In [1]:
# @title ###### Licensed to the Apache Software Foundation (ASF), Version 2.0 (the "License")

# Licensed to the Apache Software Foundation (ASF) under one
# or more contributor license agreements. See the NOTICE file
# distributed with this work for additional information
# regarding copyright ownership. The ASF licenses this file
# to you under the Apache License, Version 2.0 (the
# "License"); you may not use this file except in compliance
# with the License. You may obtain a copy of the License at
#
#   http://www.apache.org/licenses/LICENSE-2.0
#
# Unless required by applicable law or agreed to in writing,
# software distributed under the License is distributed on an
# "AS IS" BASIS, WITHOUT WARRANTIES OR CONDITIONS OF ANY
# KIND, either express or implied. See the License for the
# specific language governing permissions and limitations
# under the License

# Generate text embeddings by using the Vertex AI API

## Text Embeddings

Text embeddings are a way of representing text as numerical vectors. This allows computers to understand and process text data, which is essential for many natural language processing (NLP) tasks.
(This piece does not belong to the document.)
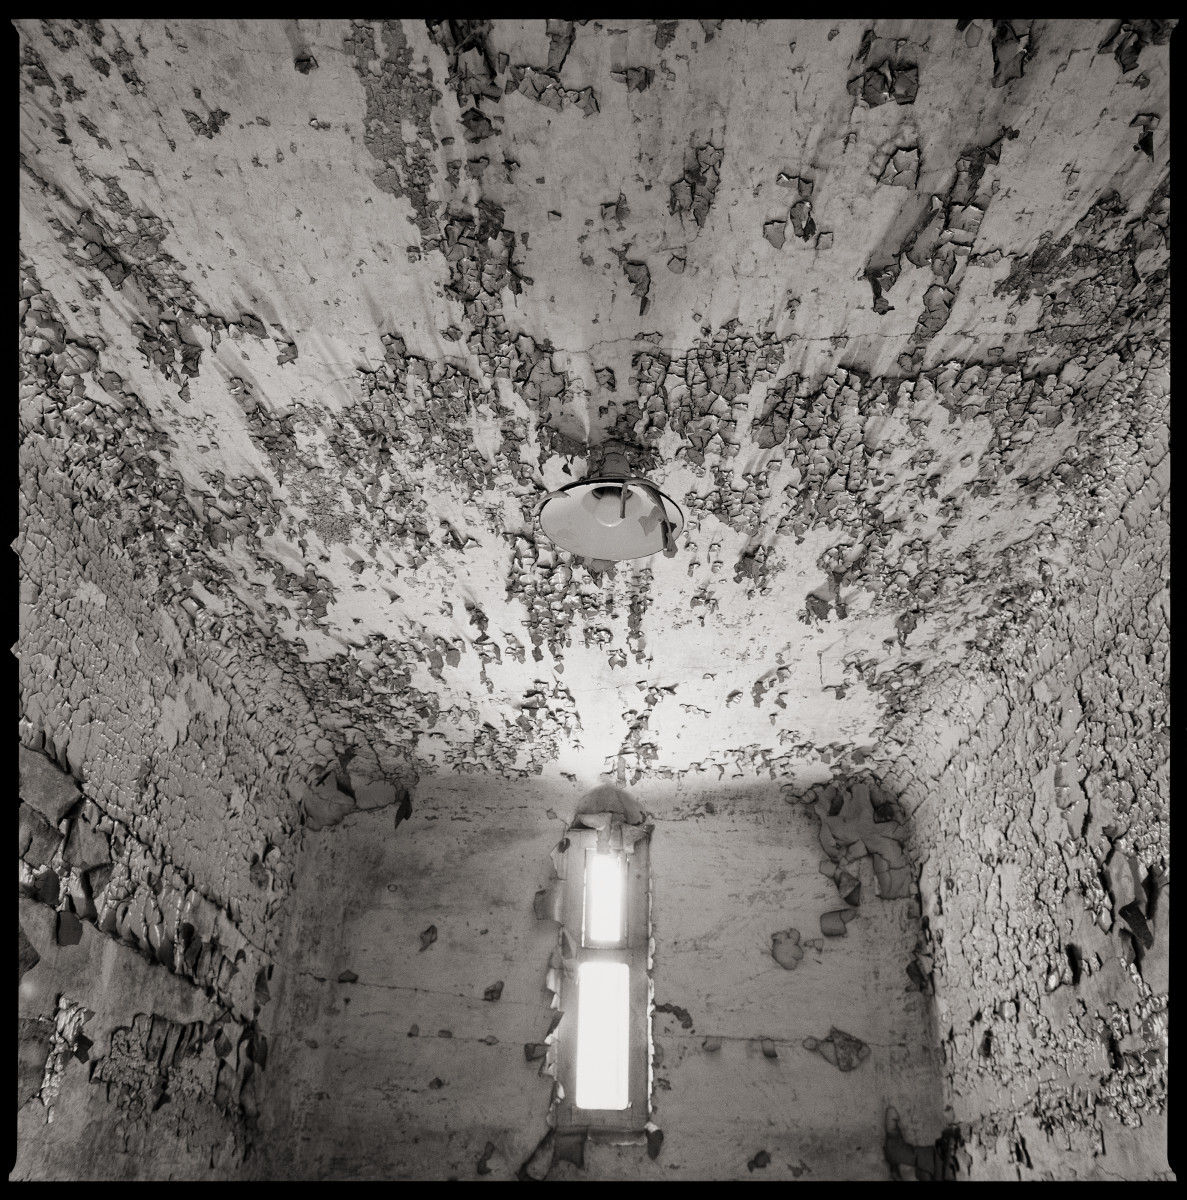 Untitled by Eric T. Kunsman  Image: ID: A black and white image shows an upward view of a room.  The walls and ceiling are cracked cement with peeling paint.  The back wall has a narrow window with a curved top.

### Uses of text embeddings
By converting text into numerical vectors, text embeddings make it possible for computers to process and analyze text data. This enables a wide range of NLP tasks, including:

* Semantic search: Finding documents or passages that are relevant to a query, even if the query doesn't use the exact same words as the documents.
* Text classification: Categorzing text data into different classes, such as spam or not spam, or positive sentiment or negative sentiment.
* Machine translation: Translating text from one language to another while preserving the meaning.
* Text summarization: Creating shorter summaries of longer pieces of text.

In this notebook, we will use Apache Beam's `MLTransform` to embeddings on the text data.
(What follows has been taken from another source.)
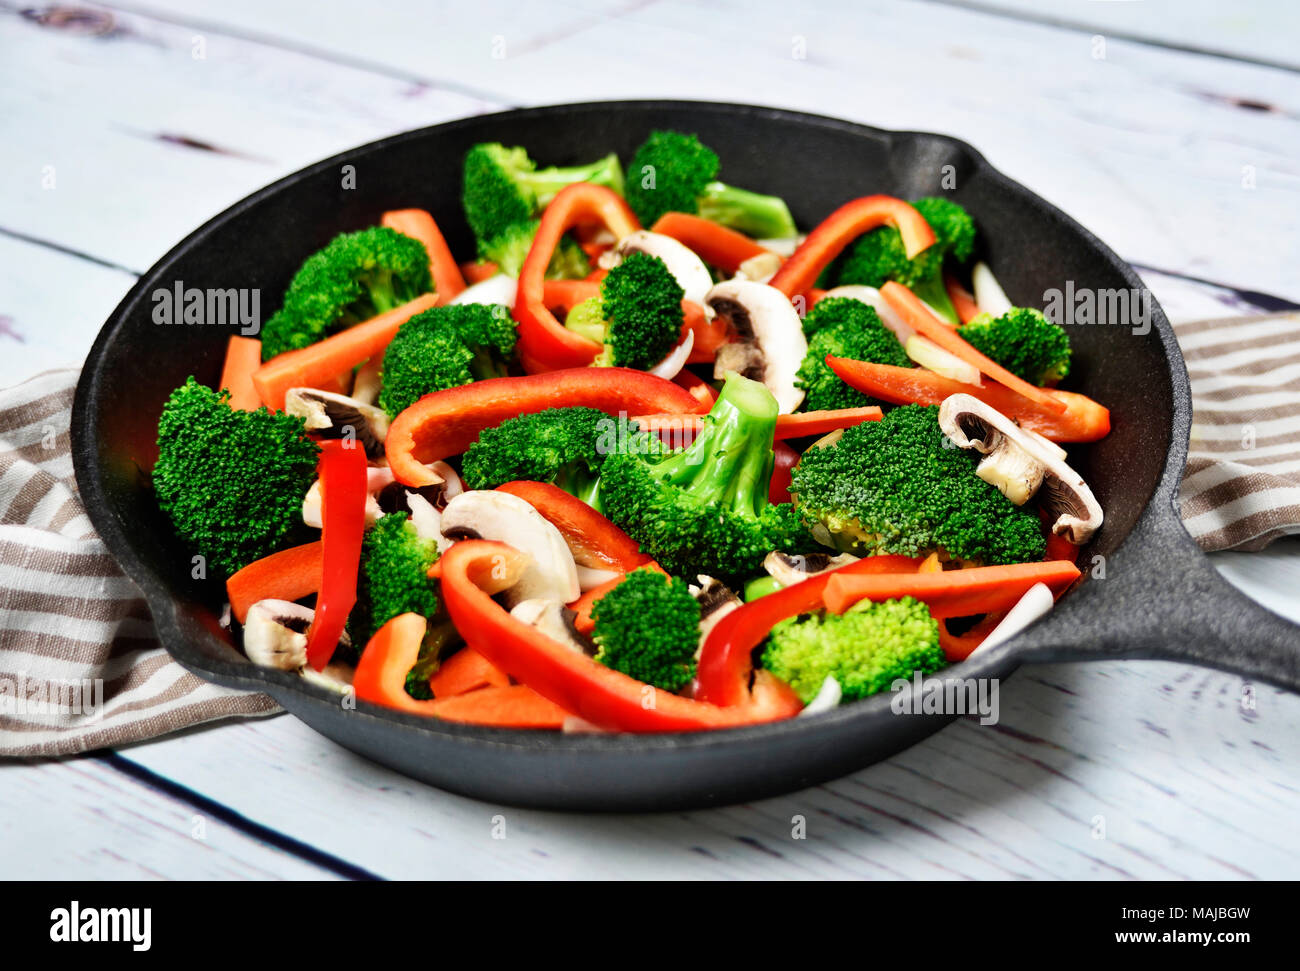 Healthy eating scene with vegetables in an iron pan or cooking pan. Broccoli, red bell pepper, carrots and white mushrooms. Stock Photo

Vertex AI provides an API that you can use to generate text embeddings that use Google’s large generative AI models. For more information, see [Get text embeddings](https://cloud.google.com/vertex-ai/docs/generative-ai/embeddings/get-text-embeddings). To generate text embeddings by using the Vertex AI text-embeddings API, use `MLTransform` with the `VertexAITextEmbeddings` class to specify the model configuration.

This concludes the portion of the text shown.